The original problem starts this way: I would like to define a unary, recursive function $F$ on a proper class. But the recursion is necessarily not well-founded, so I can't.

Instead, I've introduced a new primitive binary relation $R$, and stated a family of defining axioms. All but one would correspond with rules defining $F$, if I could define $F$, and these can be written in the form

$$\forall x_1, x_2, \dots, x_n. Q(x_1,x_2,\dots,x_n) \implies R(x_1,x_2)$$

where $Q$ is an axiom-specific condition that usually refers to $R$. I'm not sure how to formulate the last axiom at the class level. It's that $R$ is the intersection of all relations that satisfy the previous axioms.

Here's my original problem: I'm unsure whether this extension of ZFC is conservative. Does it prove the existence of any new sets?

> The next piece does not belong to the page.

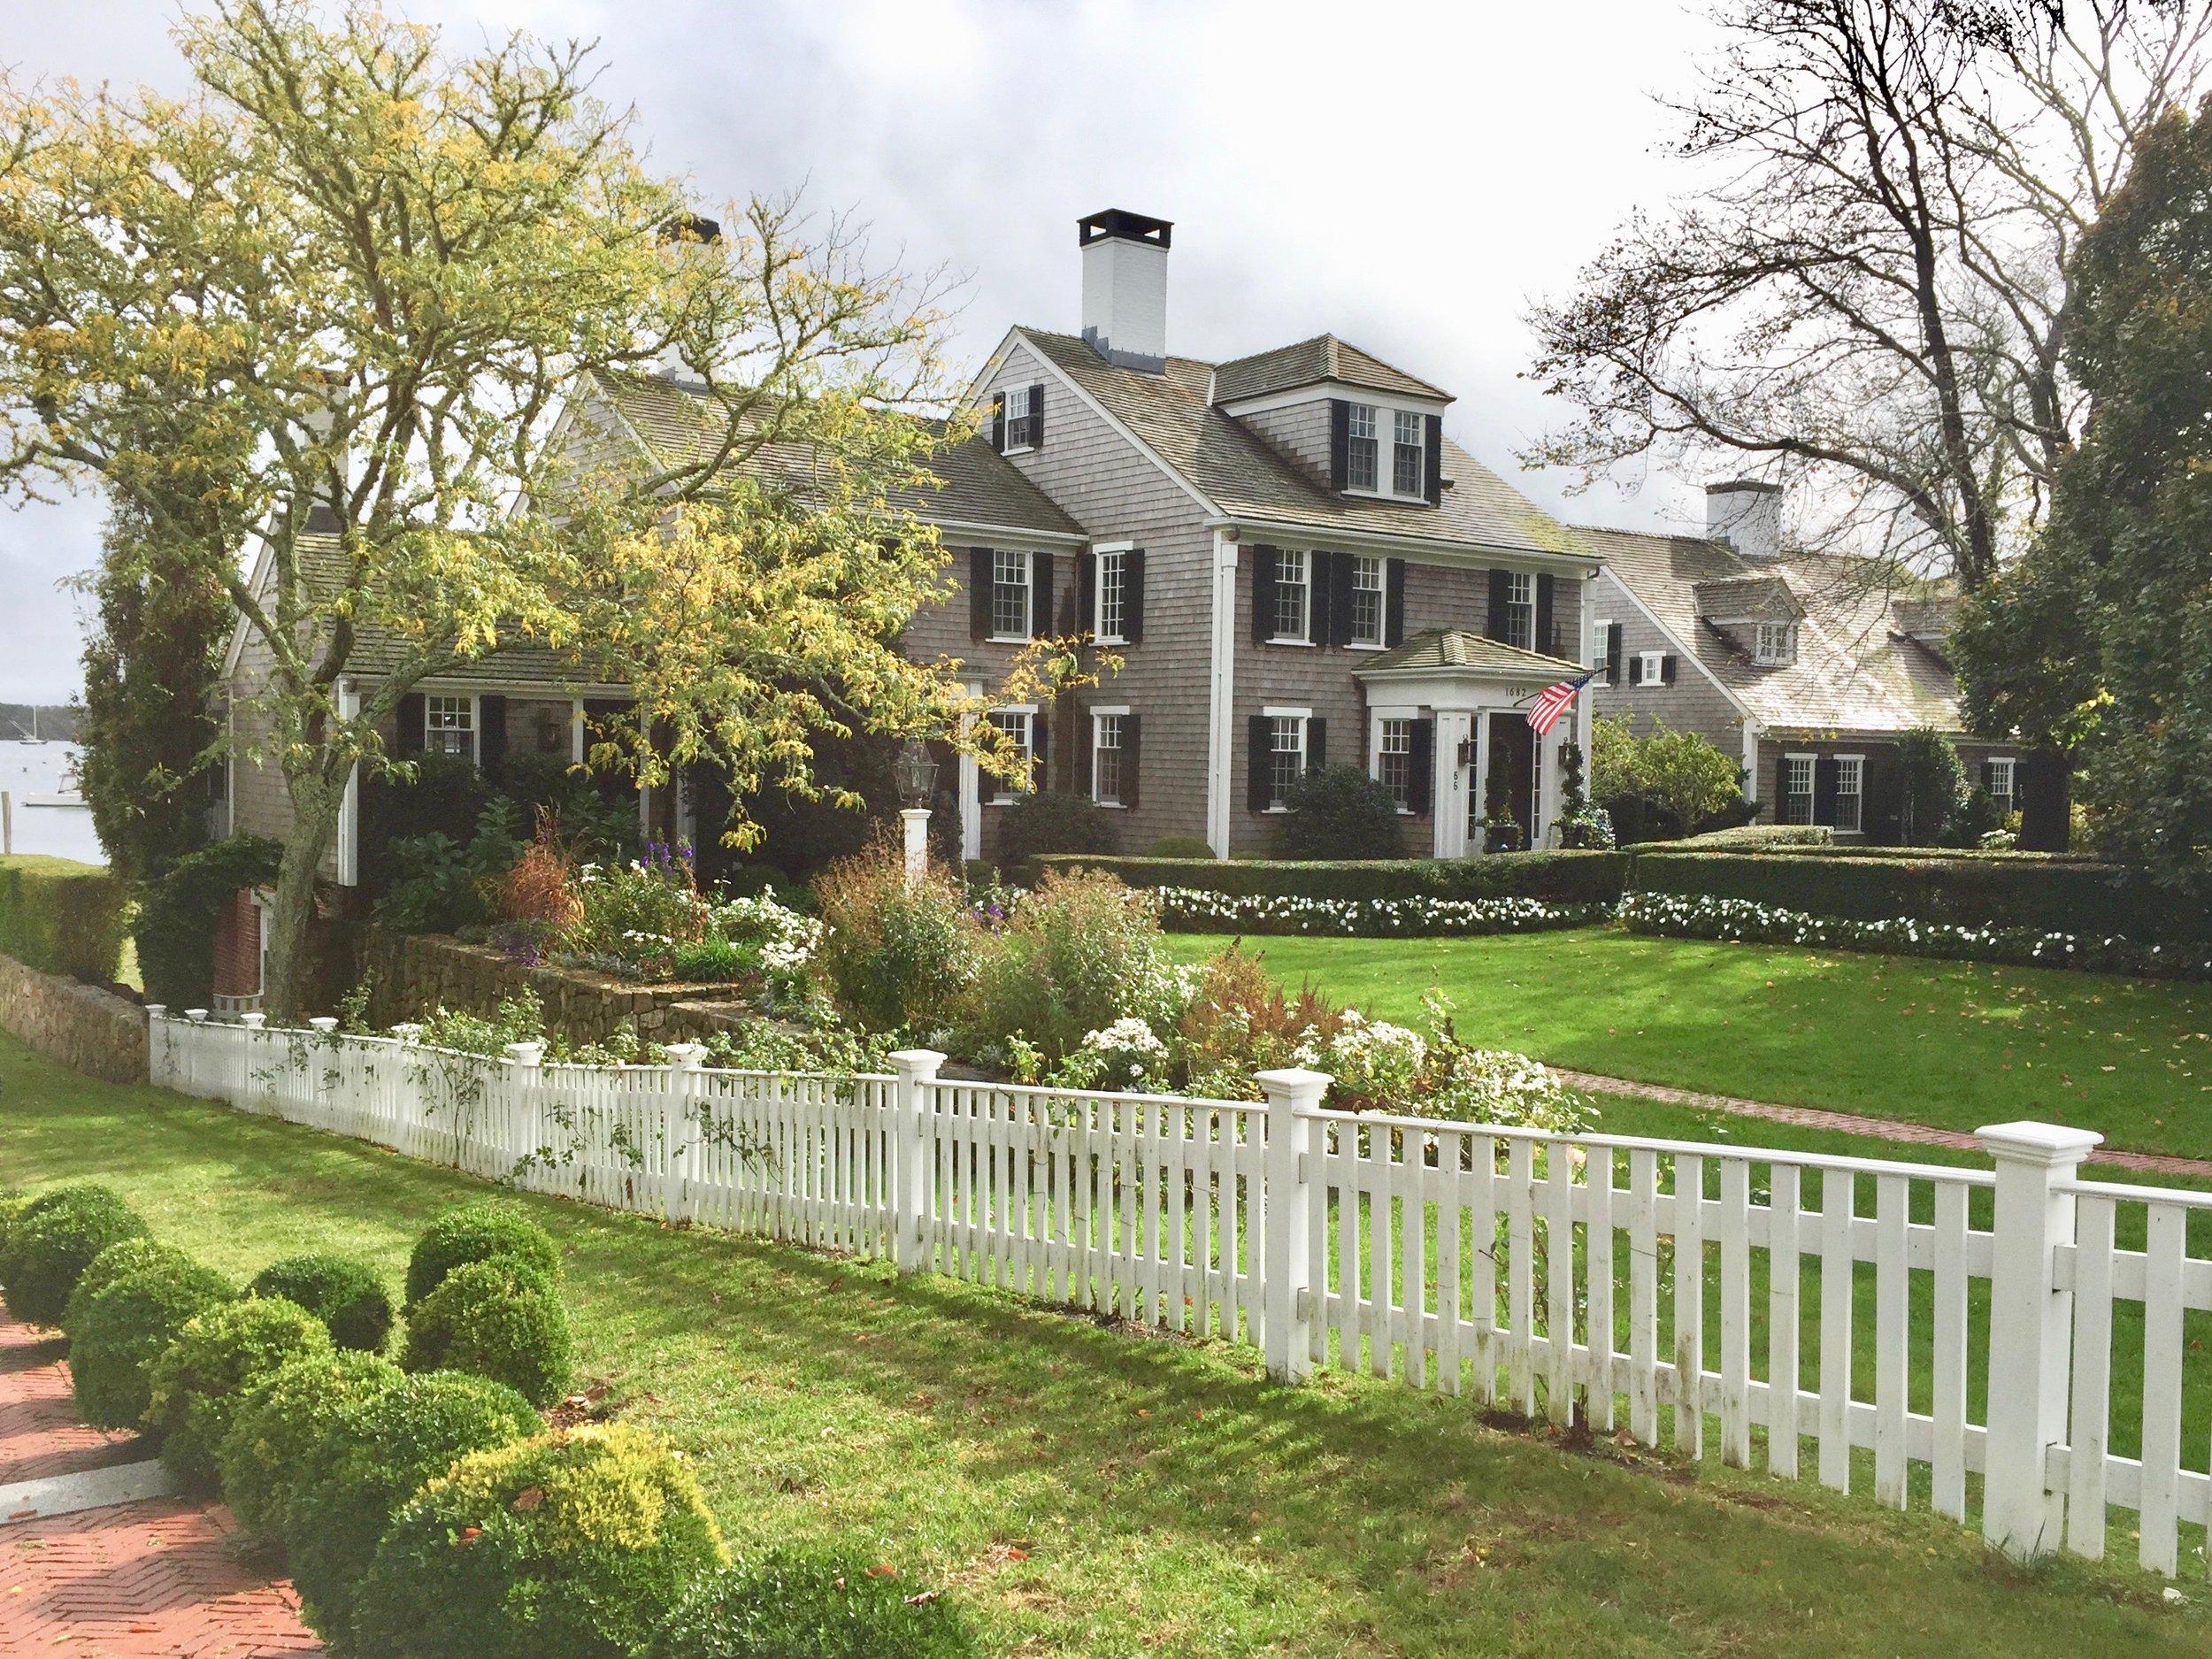 John Coffin Historic Home Edgartown New England Fine Living .jpg
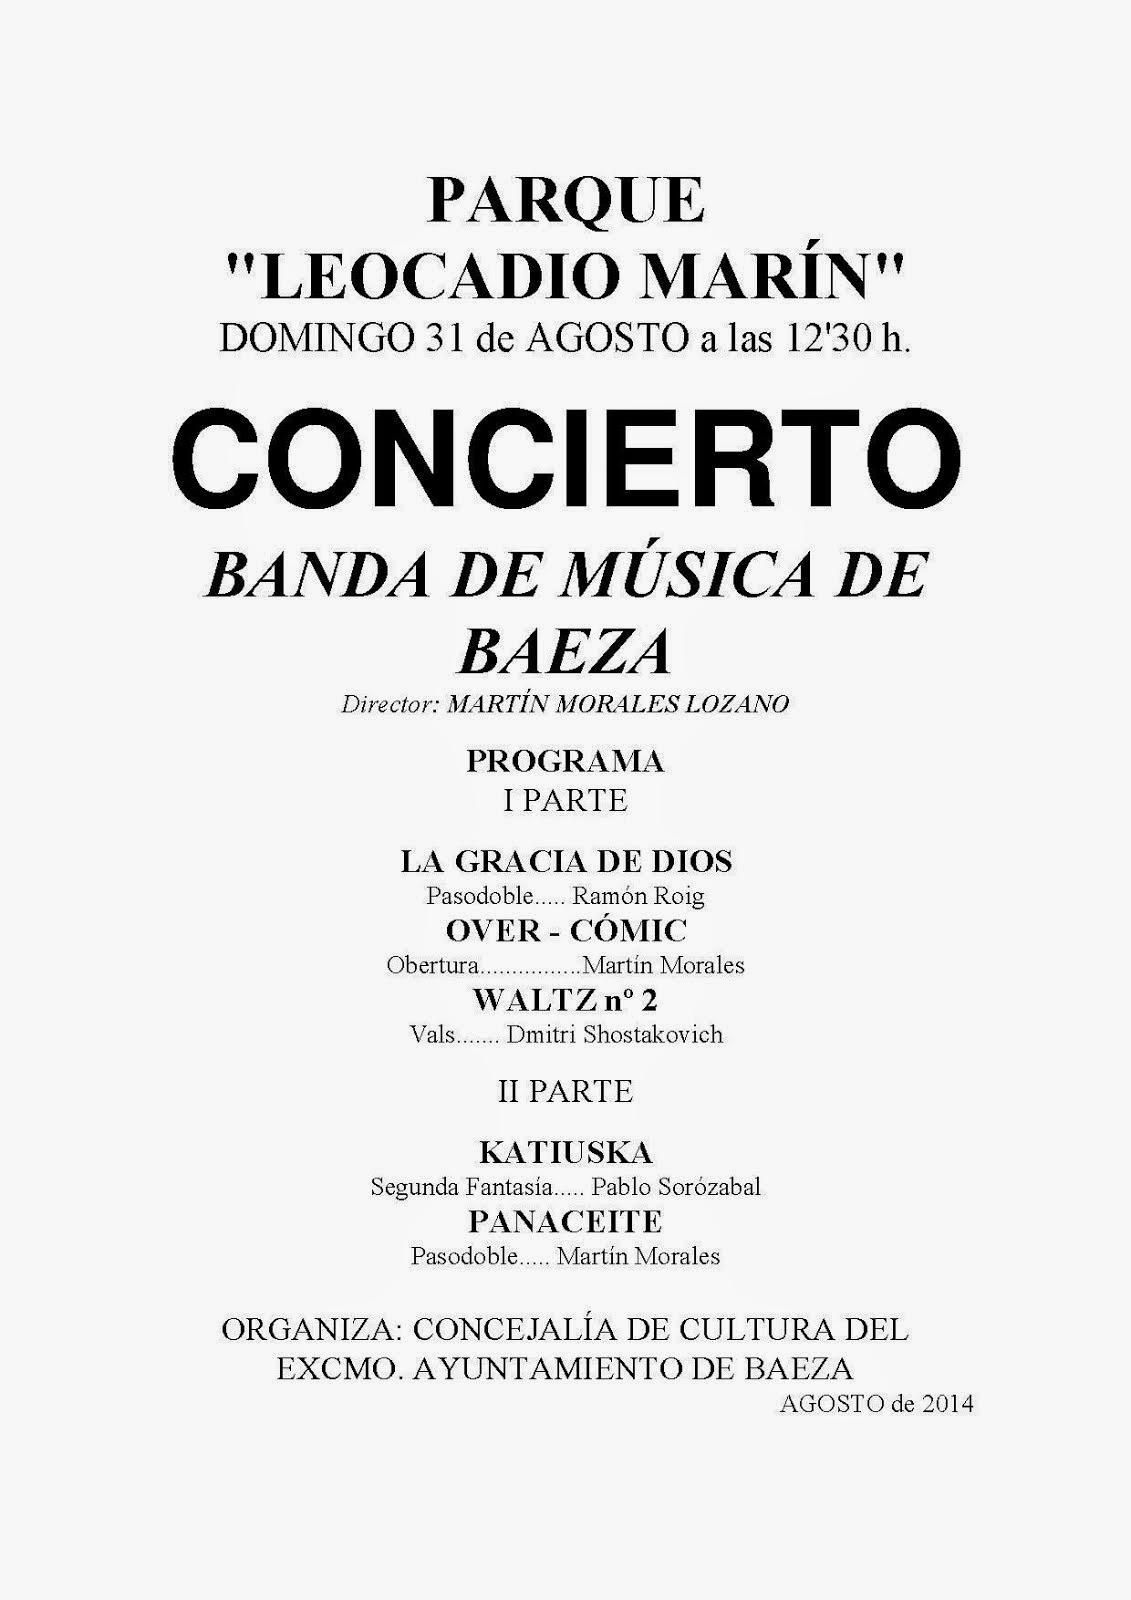 CONCIERTO DOMINGO 31 DE AGOSTO 2014 - BANDA DE MÚSICA DE BAEZA

Andres suggested class forcing. The strategy would be: if $R$ is defined without parameters and is a partial order (I can easily make it so), I could possibly prove it is tame; it therefore preserves ZFC; QED. But proving tameness is beyond my abilities right now, and I have a hard time justifying the time I would spend learning how. I haven't a clue whether $R$ is tame, anyway.

The axioms have a simple, regular form that it seems I should be able to exploit to more easily prove the extension is conservative. In particular, all but the last one have these properties:

  1. None of them conclude or assert that a set exists.
  2. Every $Q(x_1,x_2,\dots,x_n)$ is a $\Delta_0$ sentence.
  3. Therefore, every axiom is a $\Pi_1$ sentence.

Using these properties, can I prove the extension is conservative?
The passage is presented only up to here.